§ **Task details**: From the records below, output exactly the lines starting at the line with "Big Chinese Dragon" and ending at the line with "Richie Hawtin &", both of them included, but no pictures.
*** Working data ***
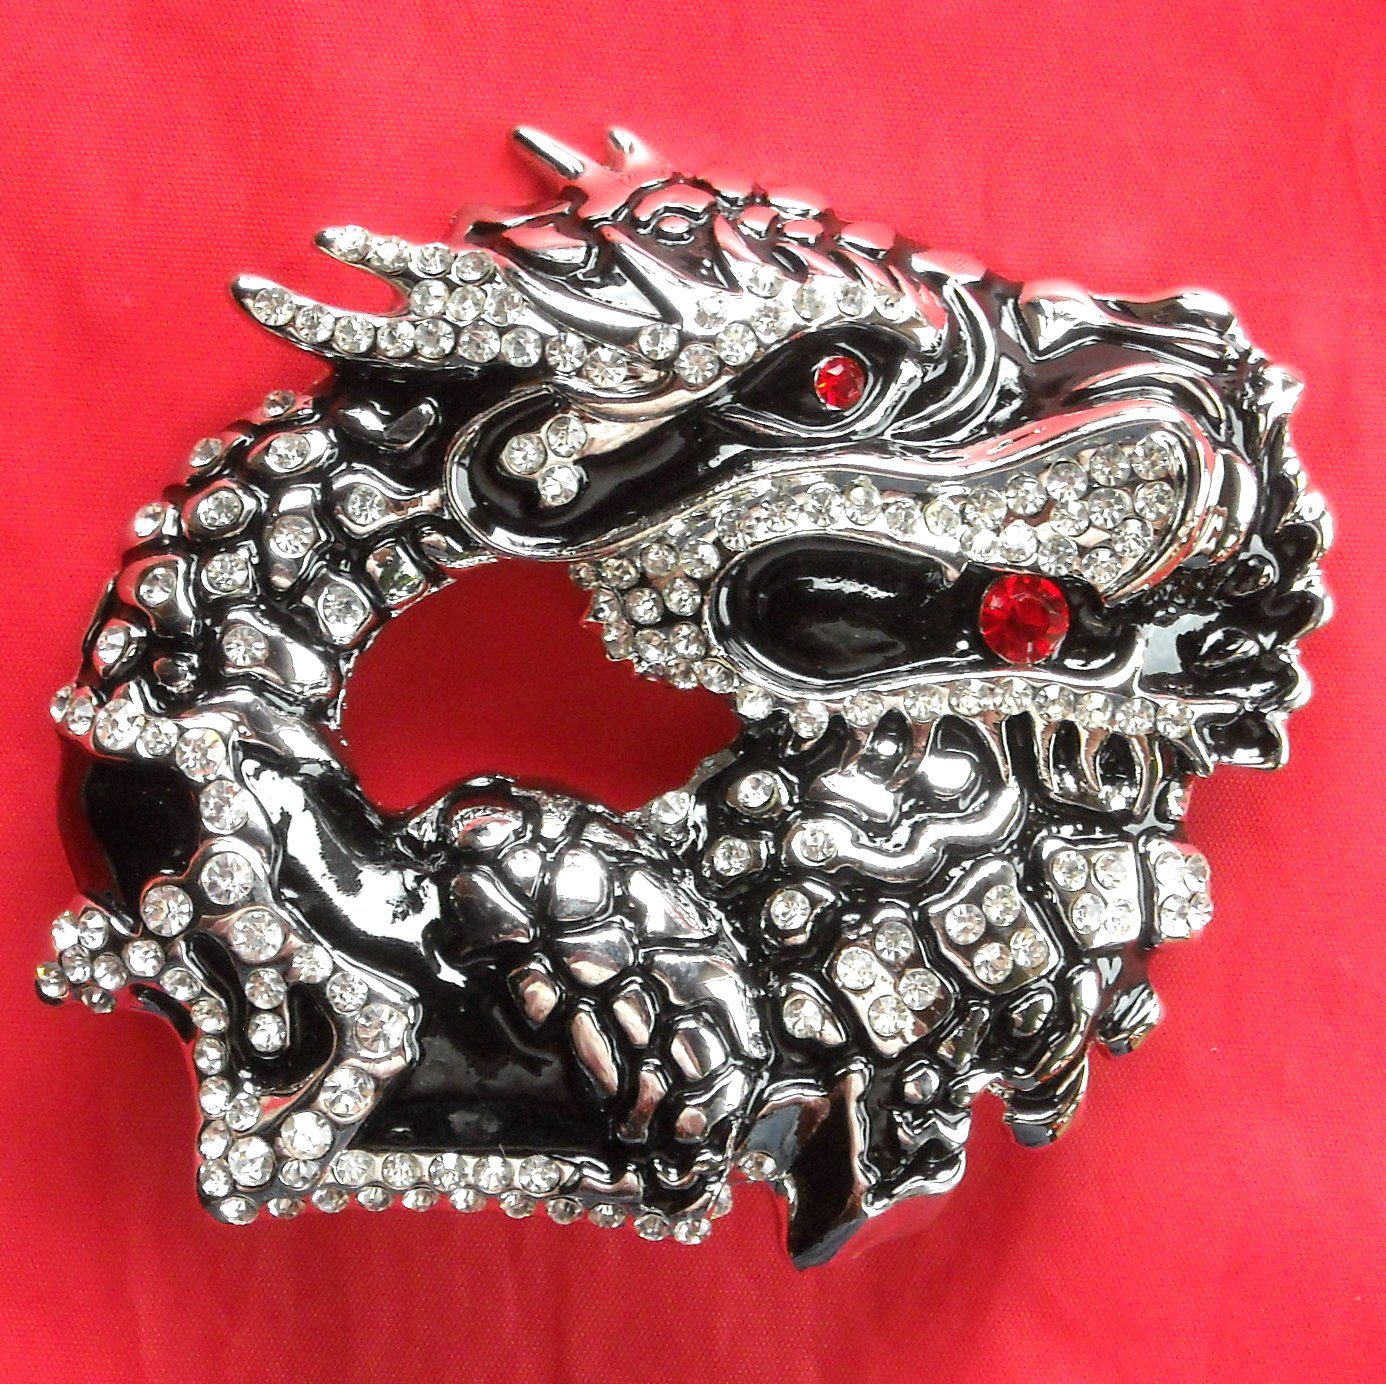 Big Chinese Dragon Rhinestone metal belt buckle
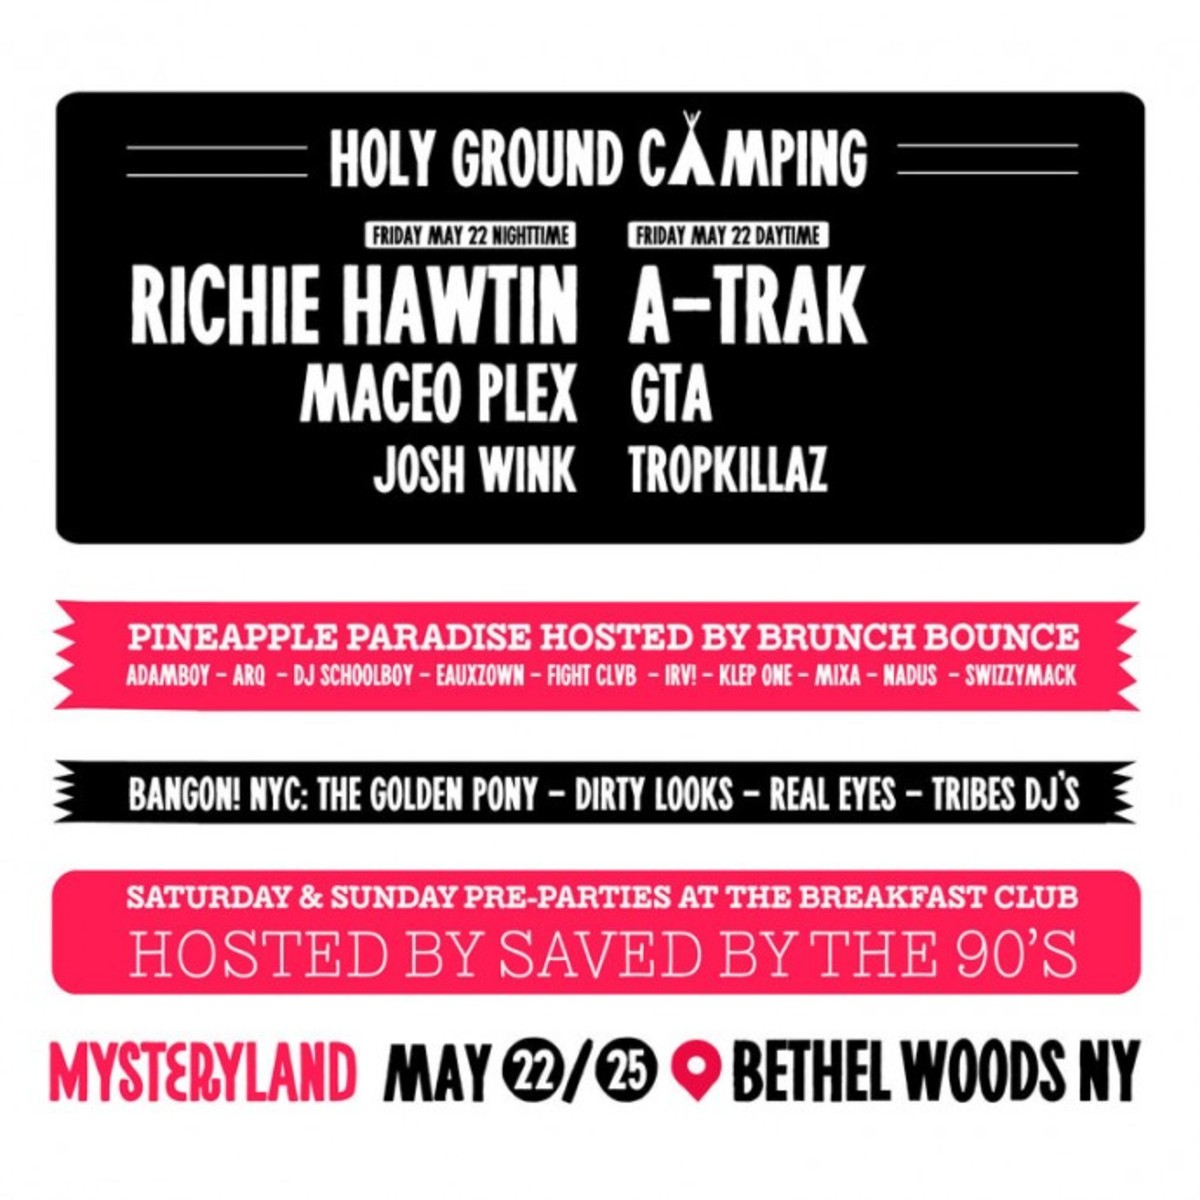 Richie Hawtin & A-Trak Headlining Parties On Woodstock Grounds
*** End of Working data ***
*** Working data ***
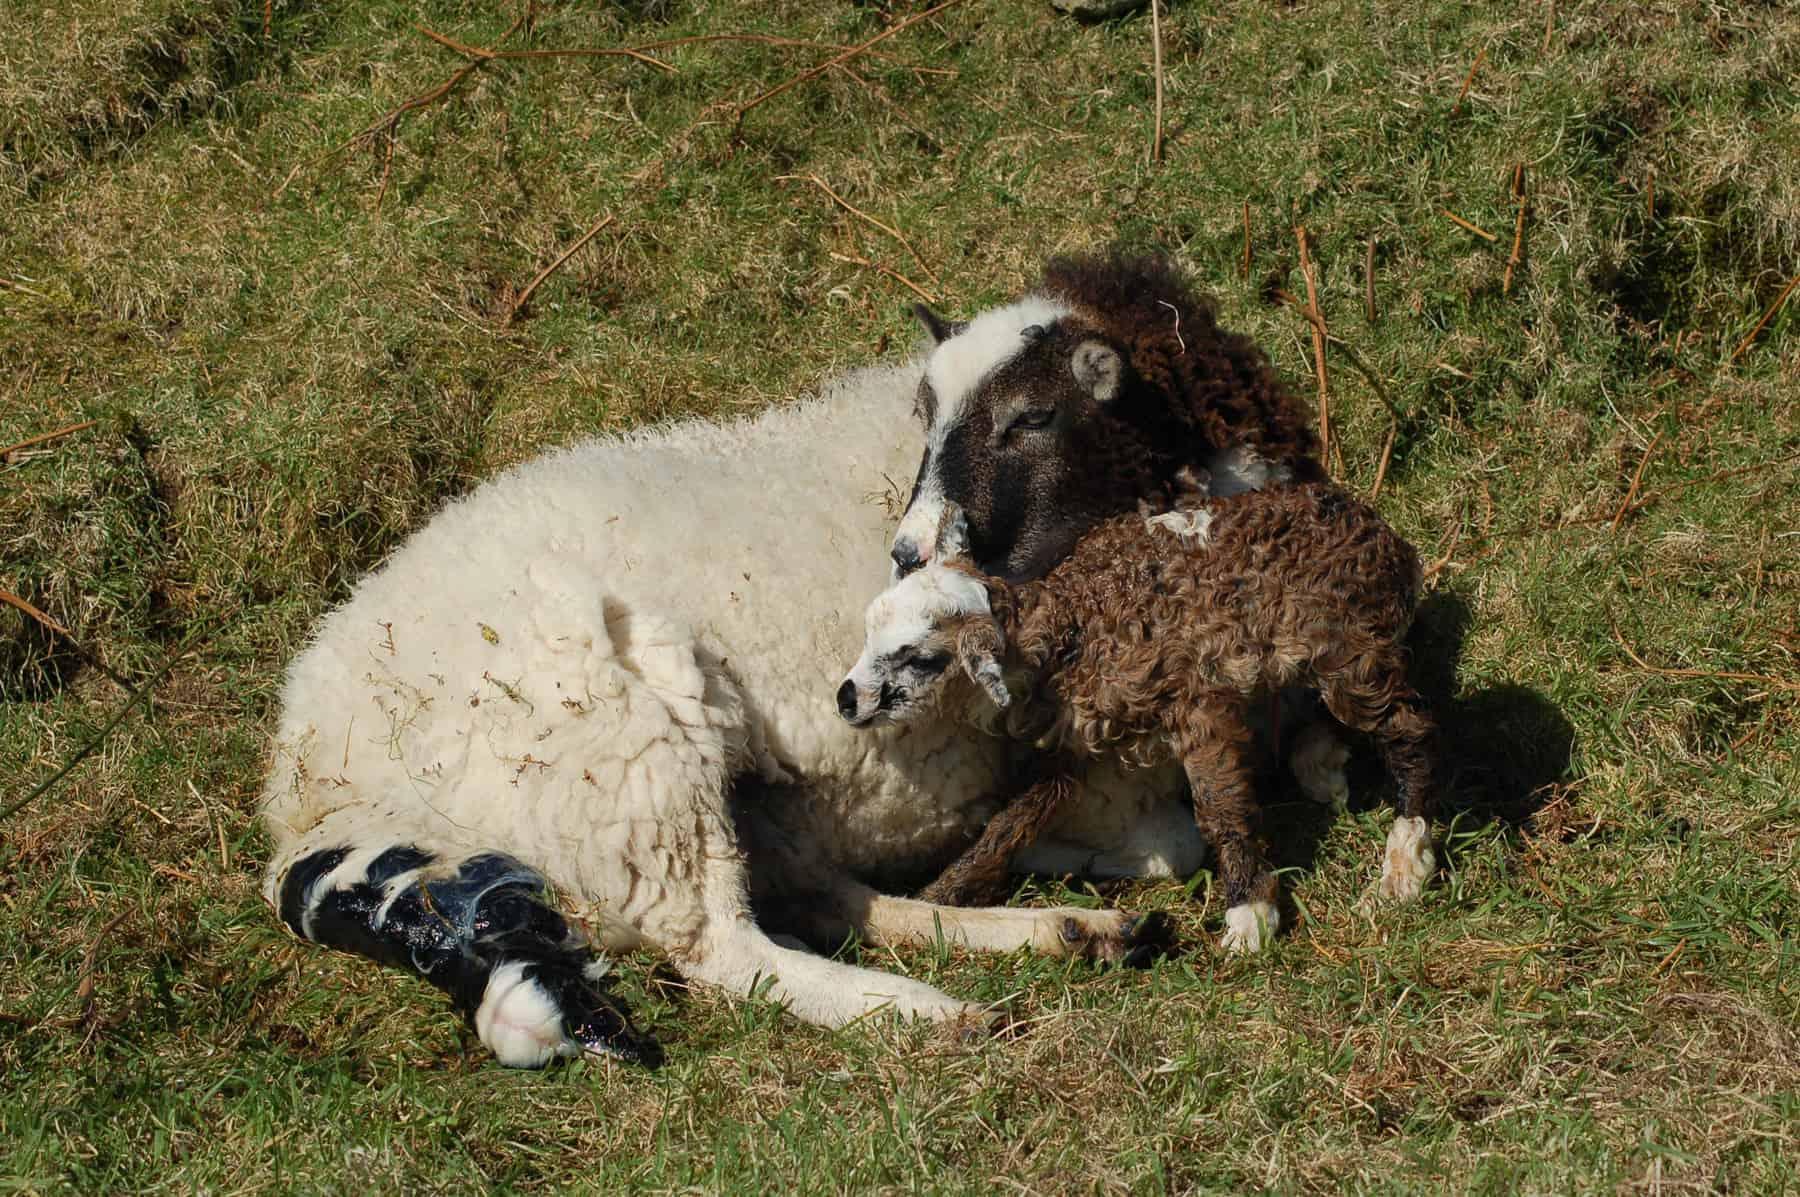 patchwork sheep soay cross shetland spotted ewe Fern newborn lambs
*** End of Working data ***
§ **Answer below**:
 Big Chinese Dragon Rhinestone metal belt buckle
 Richie Hawtin & A-Trak Headlining Parties On Woodstock Grounds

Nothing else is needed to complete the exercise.